Operating earnings for the three months ended Dec. 31, 2016, were $618
million ($0.99 per share),
compared to operating earnings of $416
million ($0.70 per share) for
the same period in 2015. Operating earnings for the 12 months
ended Dec. 31, 2016 were $2.3 billion ($3.80
per share), compared to operating earnings of $2.0 billion ($3.44
per share) for the same period in 2015. Operating earnings
are defined as reported earnings adjusted for certain
items.
The principal difference between reported earnings and operating
earnings for the quarter is related to charges associated with
future ash pond and landfill closures. The principal
difference between reported earnings and operating earnings for the
full year is related to charges associated with future ash pond and
landfill closures, costs associated with the Dominion-Questar
combination and the company's organizational design initiative.
Dominion uses operating earnings as the primary performance
measurement of its earnings guidance and results for public
communications with analysts and investors. Dominion also
uses operating earnings internally for budgeting, for reporting to
the Board of Directors, for the company's incentive compensation
plans and for its targeted dividend payouts and other purposes.
Dominion management believes operating earnings provide a more
meaningful representation of the company's fundamental earnings
power.
Thomas F. Farrell II, chairman,
president and chief executive officer, said:
"We are very pleased with our strong safety, operational and
financial performance in 2016. Operating earnings per
share were in the middle of our guidance range and 10 percent above
last year's. In December, our Board established a 2017
dividend rate that would result in an increase of 8 percent from
2016. This is the third straight year of 8 percent annual
dividend growth, which is among the best in the industry. We
anticipate being able to increase the dividend at greater than 8
percent beginning in 2018.
"Our employees set another new company-wide safety record.
Several projects began operating, including Brunswick County Power
Station, which was honored with a number of industry awards – Best
Overall Generation Project of the Year among them.
"We continue executing on our growth projects, and have begun
constructing the 1,588-megawatt Greensville County combined-cycle power
station. The project is on time and on budget.
"Our Cove Point Liquefaction project made significant progress
this year. It is now 84 percent complete and is on time, with an
expected in-service date in late 2017.
"We received a draft Environmental Impact Statement from FERC
for the Atlantic Coast Pipeline and the related Supply Header
project. Our company continues working toward a construction start
date later this year. We expect to complete these projects in
late 2019."
FULL-YEAR 2016 REPORTED AND OPERATING EARNINGS COMPARED TO
2015
Reported earnings in 2016 were 24
cents per share higher than full-year reported earnings in
2015. Business segment results and detailed descriptions of
items included in 2016 and 2015 reported earnings but excluded from
operating earnings may be found on Schedules 1, 2, and 3 of this
release.
Operating earnings in 2016 rose 36
cents per share from full-year 2015 operating earnings of
$3.44 per share. The increase
in operating earnings was primarily attributable to growth projects
in our regulated electric and gas service areas, lower capacity
expenses and investment tax credits from solar facilities.

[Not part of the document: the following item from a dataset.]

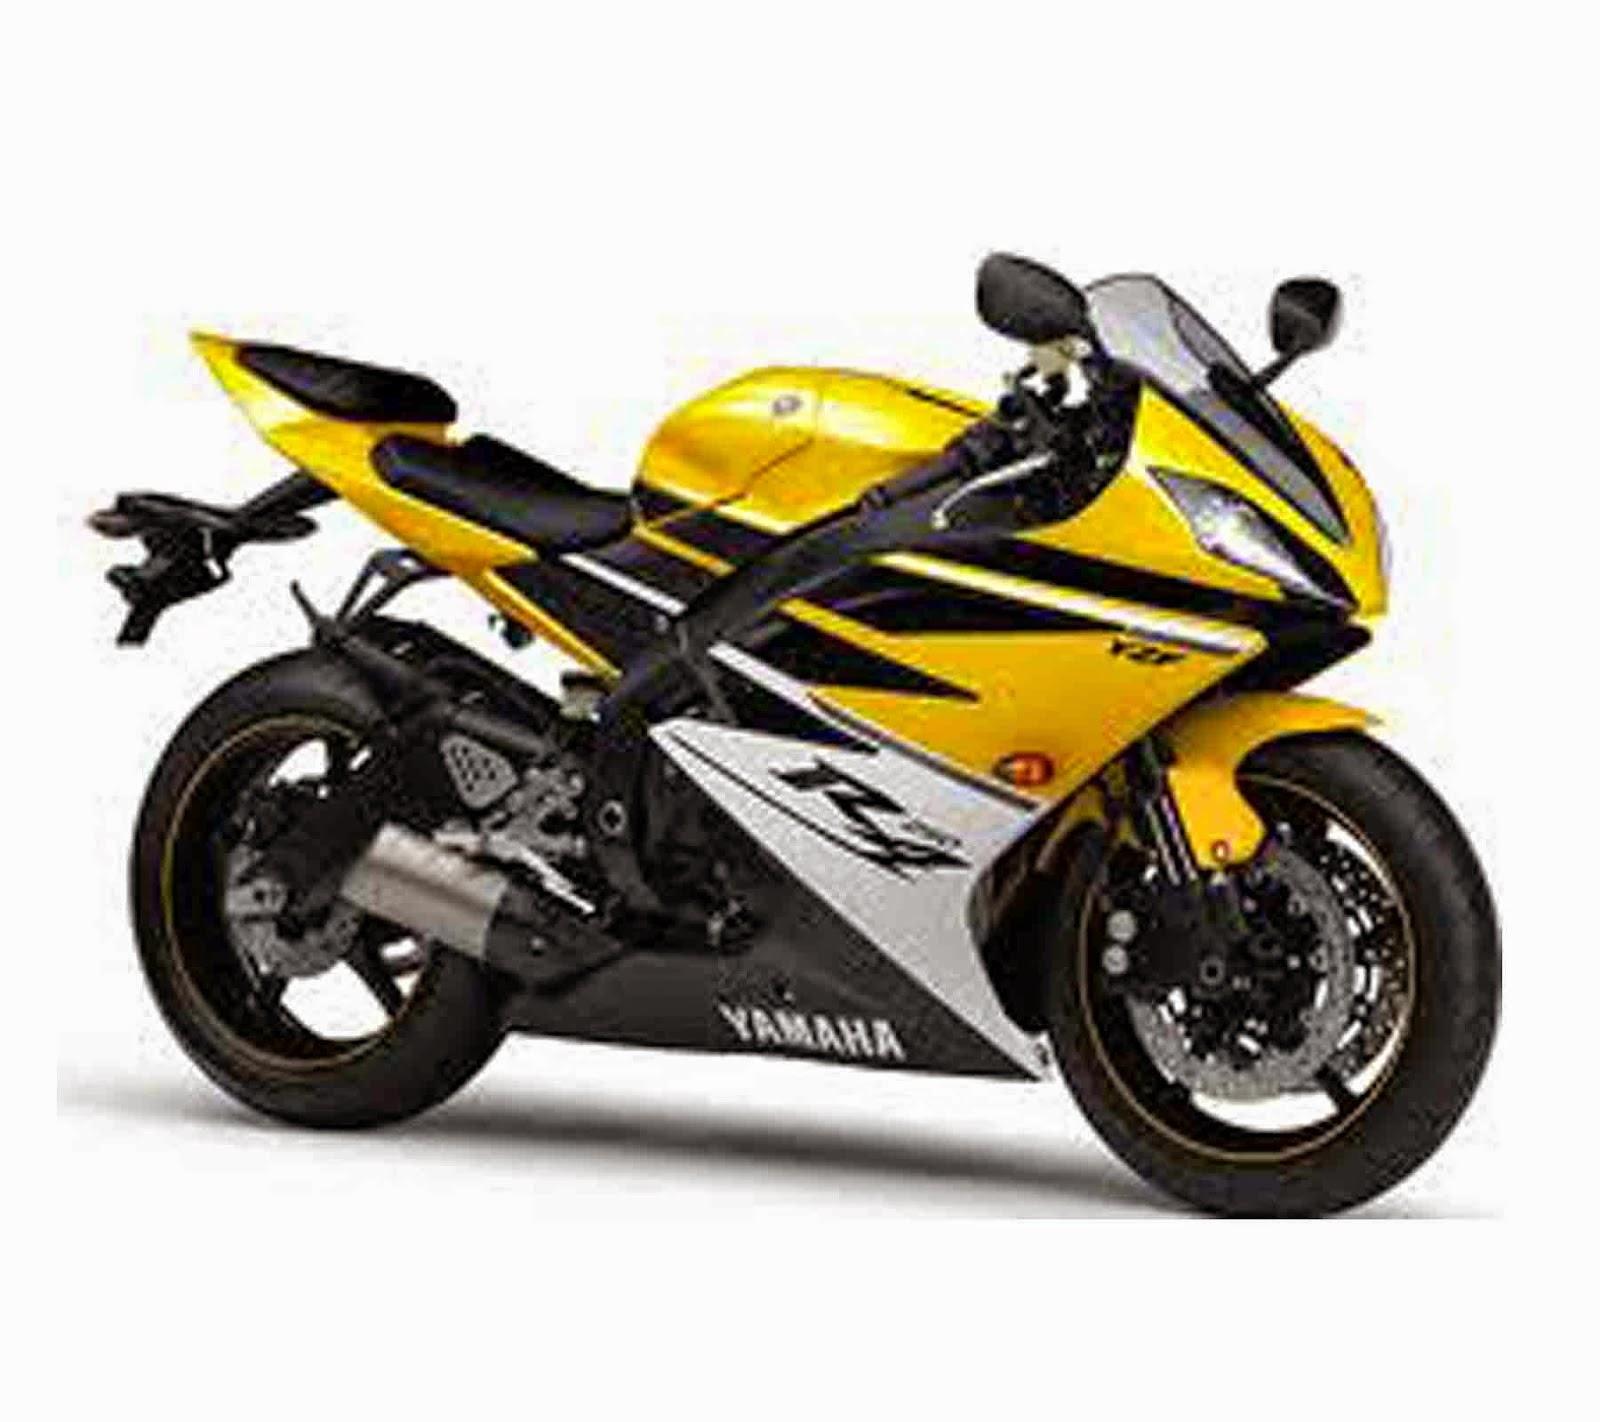 107 Modif Motor Honda Cbr 150 Cc Modifikasi Motor Honda CB Terbaru

Offsetting drivers for the year included lower farmout earnings,
higher depreciation, interest costs and share dilution.
Details of fourth-quarter and full-year 2016 operating earnings
as compared to 2015 may be found on Schedule 4 of this release.
OPERATING EARNINGS GUIDANCE
Dominion expects full-year 2017 operating earnings in the range
of $3.40-$3.90 per share, compared to
full-year 2016 operating earnings of $3.80 per share. Positive drivers include
increased revenues from our growth projects and the addition of
Dominion Questar. The company expects negative drivers for the year
to include a reduction of Cove Point import contract revenues, a
second Millstone refueling outage, lower hedged power prices at
Millstone, a step down in solar investment tax credits and share
dilution.
First-quarter 2017 operating earnings are expected to be in the
range of $0.90-$1.10 per share.
Expected revenues from Cove Point export contracts, along with
other growth drivers, support at least 10 percent year over year
growth in full-year 2018 operating earnings. Furthermore,
Dominion expects a 6 to 8 percent compound average growth rate in
earnings through 2020 from a 2017 base reflecting contributions
from its diverse portfolio of businesses.
In providing its operating earnings guidance, the company notes
that there could be differences between expected reported earnings
and estimated operating earnings for matters such as, but not
limited to, acquisitions, divestitures or changes in accounting
principles. At this time, Dominion management is not able to
estimate the aggregate impact of these items on future period
reported earnings.
CONFERENCE CALL TODAY
Dominion will host its fourth-quarter earnings conference call
at 10 a.m. ET on Wednesday, Feb. 1, 2017. Management will
discuss fourth-quarter financial results and other matters of
interest to the financial community.
Domestic callers should dial (877) 410-5657.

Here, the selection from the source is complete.